Bharat’s trade deficit with ASEAN, Korea and Japan has widened post-FTAs. Bharat’s exports are much more responsive to income changes as compared to price changes and thus a tariff reduction/elimination does not boost exports significantly. Utilisation rate of Regional Trade Agreements by exporters in Bharat is very low (between 5 and 25%). All these factors are need to be analysed carefully before designing new foreign trade policy.
As per World Economic Forum’s global competitive index of 2019, following scores have been obtained by Bharat vis-à-vis China, Bangladesh and Vietnam.
|Country||Rank||Diff from 2018|
The Global competitiveness index measures national competitiveness defined as a set of institutional, policies and productivity parameters. From the above data, we can see that China and Vietnam have moved up notches while Bharat has lost some points. Vietnam now has got similar scores to Bharat, as it has emerged as a leading destination for exports, now being the fourth largest exporter of textiles. Its textile exports are growing at a CAGR of more than 10% reaching $39bn in 2019. Total exports form 16% of Vietnam’s GDP.
The Vietnamese textile industry was affected because of the pandemic but the economy capitalised on the opportunity and exported 1.13 billion masks from March to October 2020. Popularly known for Cut – Make – Trim Exports, Vietnam is now attracting FDI inflows for end- to end manufacturing, also known as original design manufacturing.
What is Bharat’s takeaway from these countries?
Bharat’s textiles and apparels exports amounted to $15bn in 2019-20 fiscal de-growing around 4-5% from last year. Its share in the global textiles market has been shrinking and now it contributes to around 5% to total textile exports. According to a study by Confederation of Indian Textiles Industry, Bharat aims to increase this share to 15% and along with Bangladesh, both countries can achieve 35% share to global exports, leading ahead of China in the coming five to ten years.
We have discussed broadly the factors that have led to loss of exports and so far, we have understood that Bharat needs to increase its competitiveness in the global market by not compromising on safety measures. Comprehending these factors, the government, in the budget of 2020, a framework for development of seven Mega Investment Textile Parks over three years have been laid down, which is the first step towards getting back to our export goals.

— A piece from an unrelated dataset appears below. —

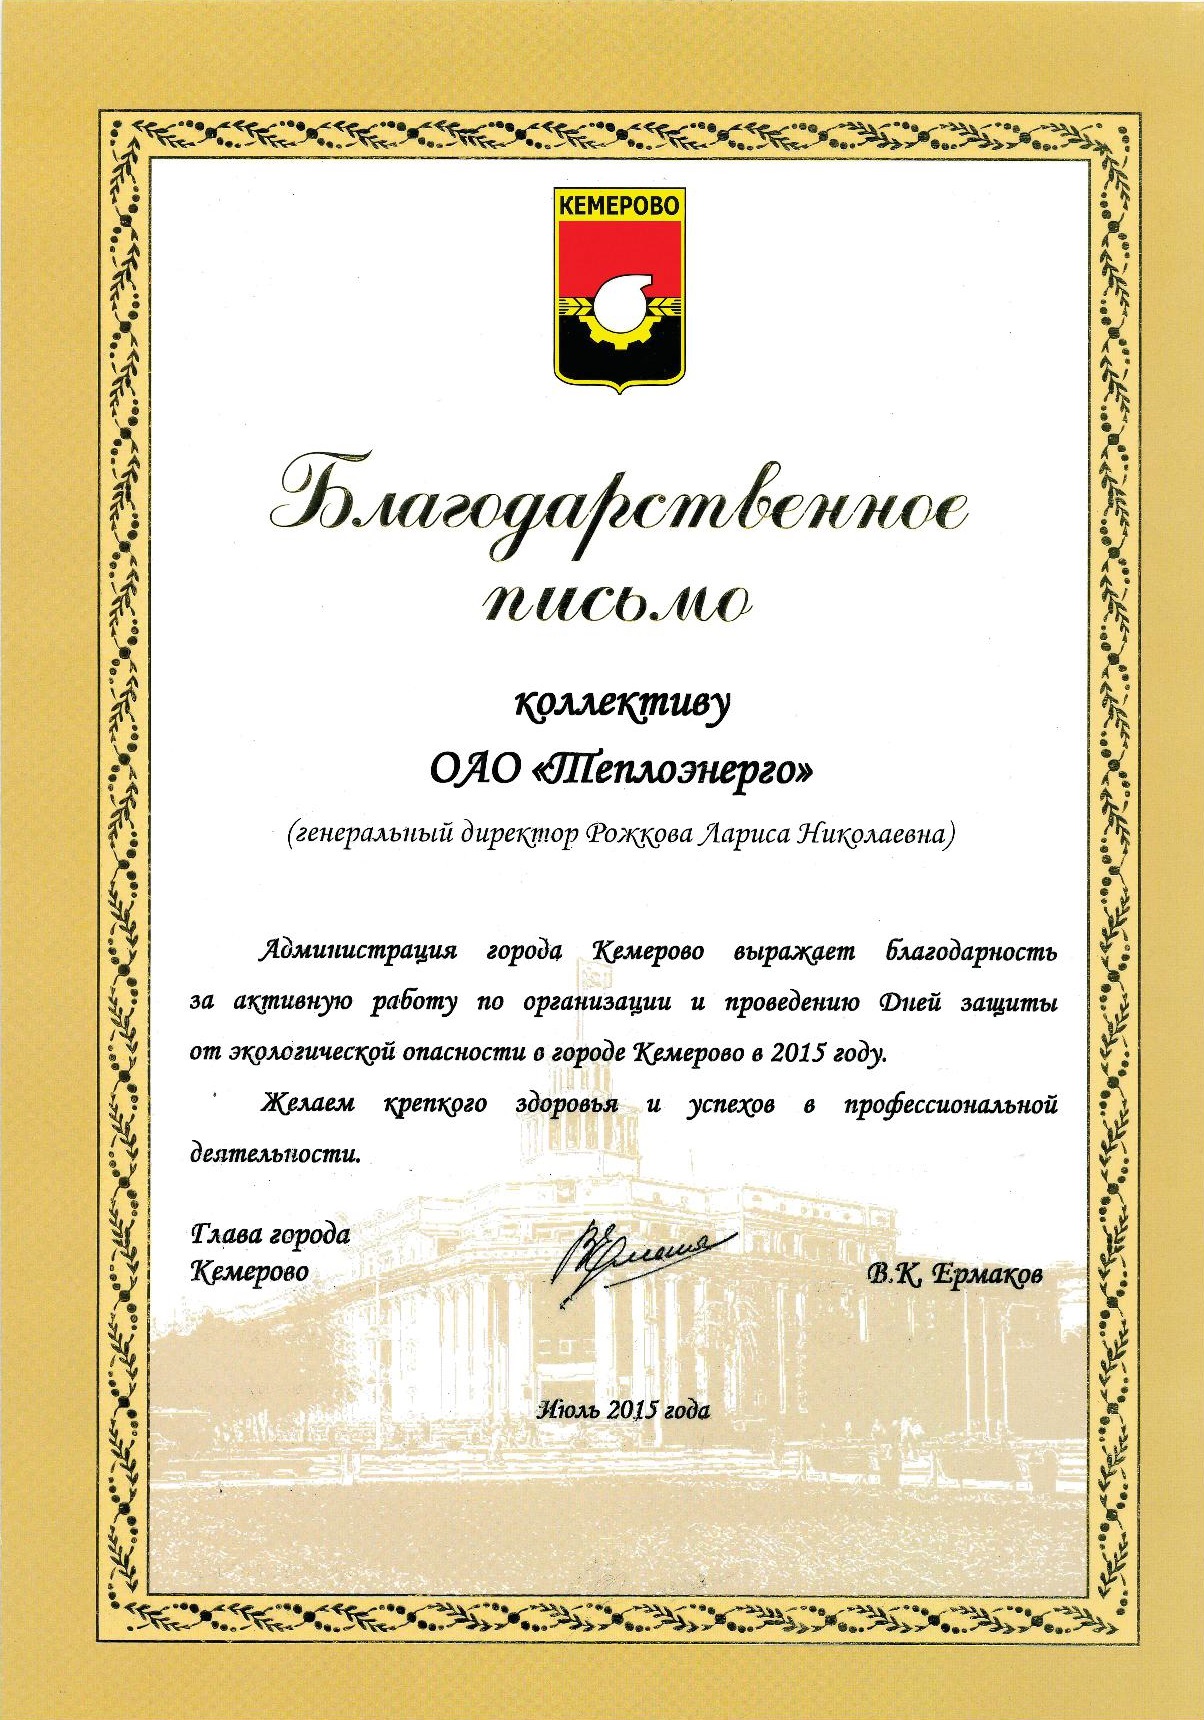 Благодарственное письмо от главы г. Кемерово, 2015 г.

The sector has also been provided for in the PLI Scheme with a dedicated investment of around 10,000 crores. Infrastructure development, especially ports and logistics, along with technological advancements is crucial to be competitive in terms of turnaround time. Higher labour cost than Bangladesh and Vietnam already makes us less competitive.

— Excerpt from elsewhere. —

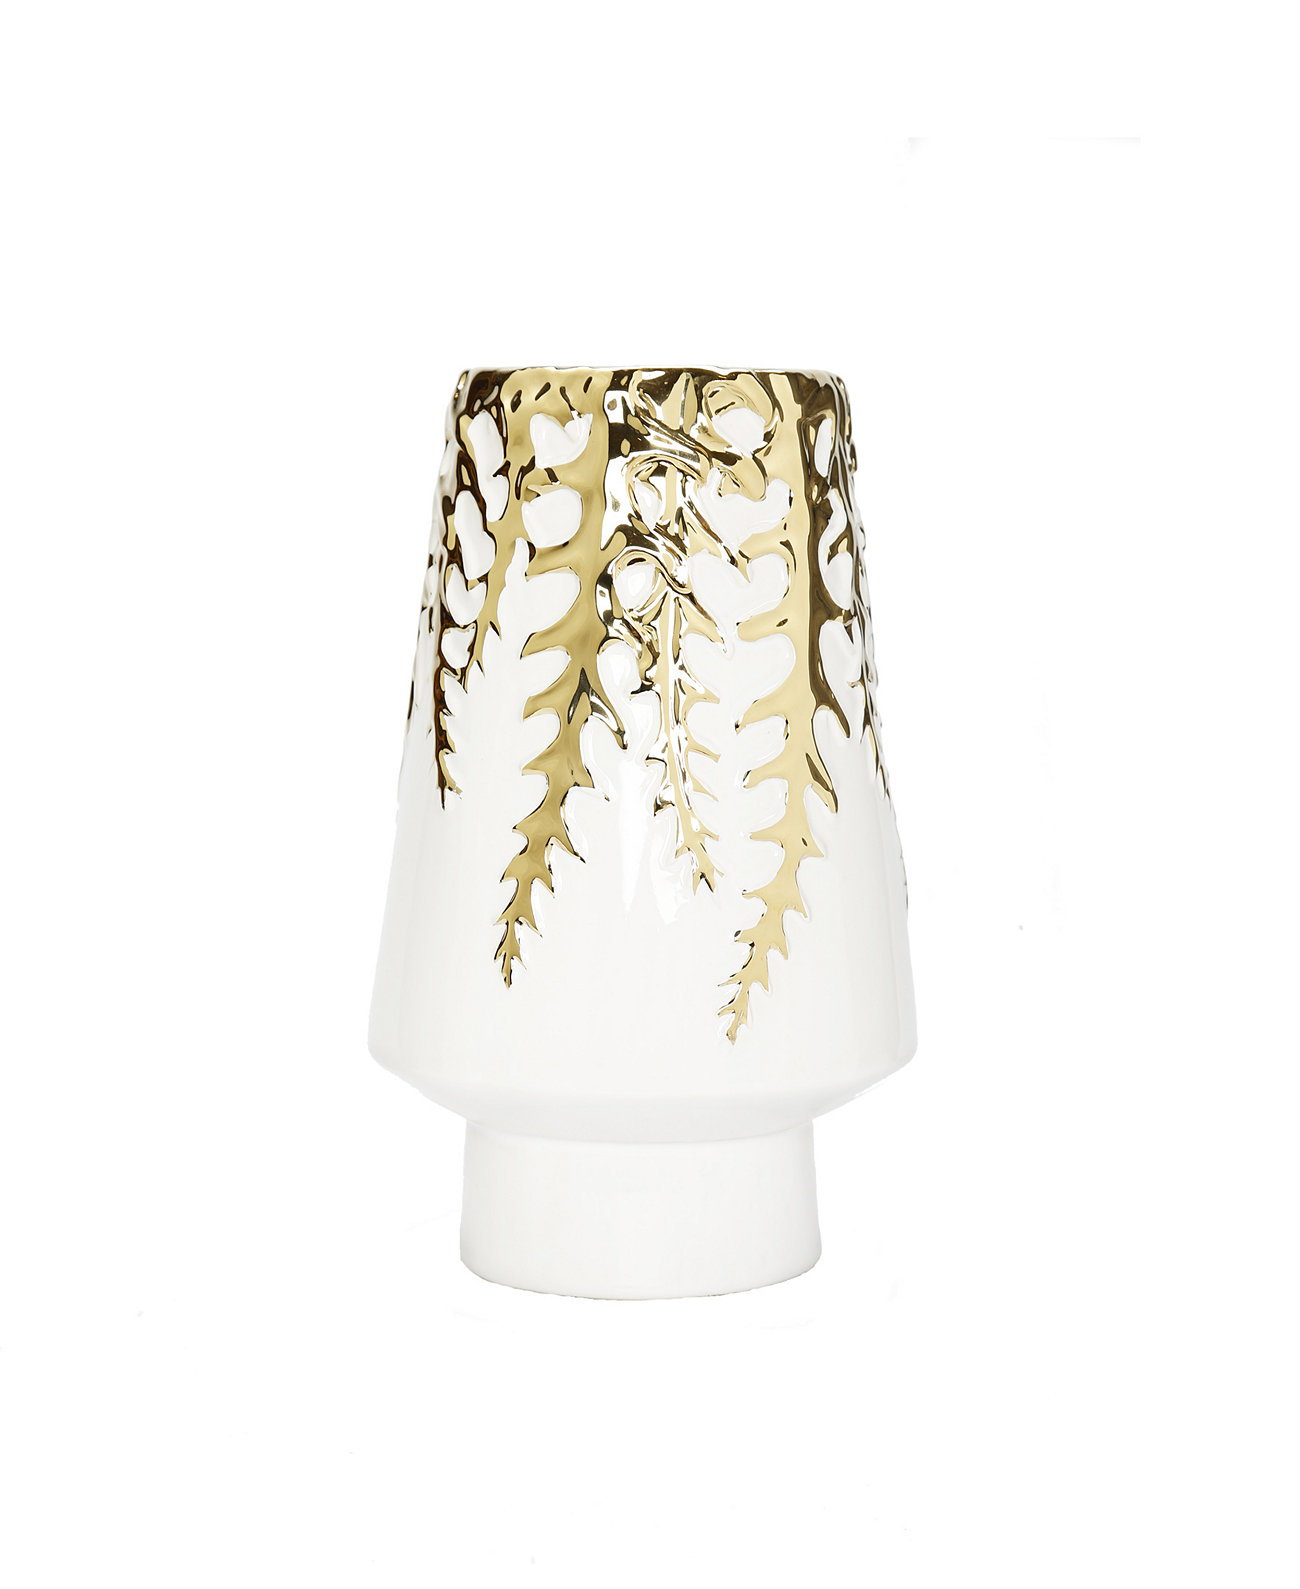 Белая керамическая ваза высотой 12 дюймов, золотистый дизайн Vivience

Increasing productivity by consolidating smaller units into bigger ones will save costs, increase production and help us achieve economies of scale. Revision of GST rates and boosting export incentives along with robust export credit will go a long way in making Bharat a better choice for exports.
Being the second largest employer, a focused initiative on increasing textile exports will lead to employment generation especially for women, improving overall labour force participation. Covid-19 pandemic has called for additional safety measures and stricter rules and regulations for all industries.
While we are moving through the pandemic, the trade policies globally are shifting and taking new places. While China has been a dominant exporter in the global market, condemnation on grounds of dumping cheap goods and unhealthy trade practices has given the time and opportunity for Bharat to reassess and reformulate effective trade agreements with other nations in order to gain the desired outcome of increasing exports and becoming an integral part of global supply chain.